Recent data released in New Zealand paints an alarming picture of decline in Mathematics scores for Primary School leavers. These students then enter High School without the math skills to succeed. Here are some of the results:

“Maths scores have been declining since 2002, according to OECD data. National Standards figures show a slight climb in the past three years, but say one in four are behind in the subject by the time they leave primary school at Year 8. A national monitoring study from 2013 had even lower results, with just 41 per cent of students at the expected level when they leave primary, despite the majority achieving well just four years earlier. The drop-off after Year 4 – when students are aged 9 to 10 – is a trend across all subjects, but in mathematics it is particularly significant…

profpicProfessor John O’Neill, the director of Massey University’s Institute of Education, called the problem a “chicken and egg” scenario. He said because many students dropped maths – and science – part way through high school, teaching students often lacked subject knowledge in those areas.

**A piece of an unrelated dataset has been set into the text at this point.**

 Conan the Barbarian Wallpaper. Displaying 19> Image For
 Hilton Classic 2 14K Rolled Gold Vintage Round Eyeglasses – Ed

“In the past, you could fill students’ gaps in learning at teachers’ college. But whereas 10 years ago students would get several hundred hours in a learning area, now they might only get 50. It’s not enough,” he said. Teachers then lacked confidence, their students got a raw deal, ended up not liking maths, and the cycle began again.

Some educators believed the answer was shifting teaching to masters level to raise entry levels, but even then graduates could come through with limited maths and science ability, Mr O’Neill said.

“Part of the problem is with NCEA, in that it allows too much choice. It’s a very good system but it allows students to drop out of science and maths too early.”

He said the Government needed to be “courageous enough” to recognise it would take the country 20 years, a sophisticated policy response and a long-term funding injection to break the cycle.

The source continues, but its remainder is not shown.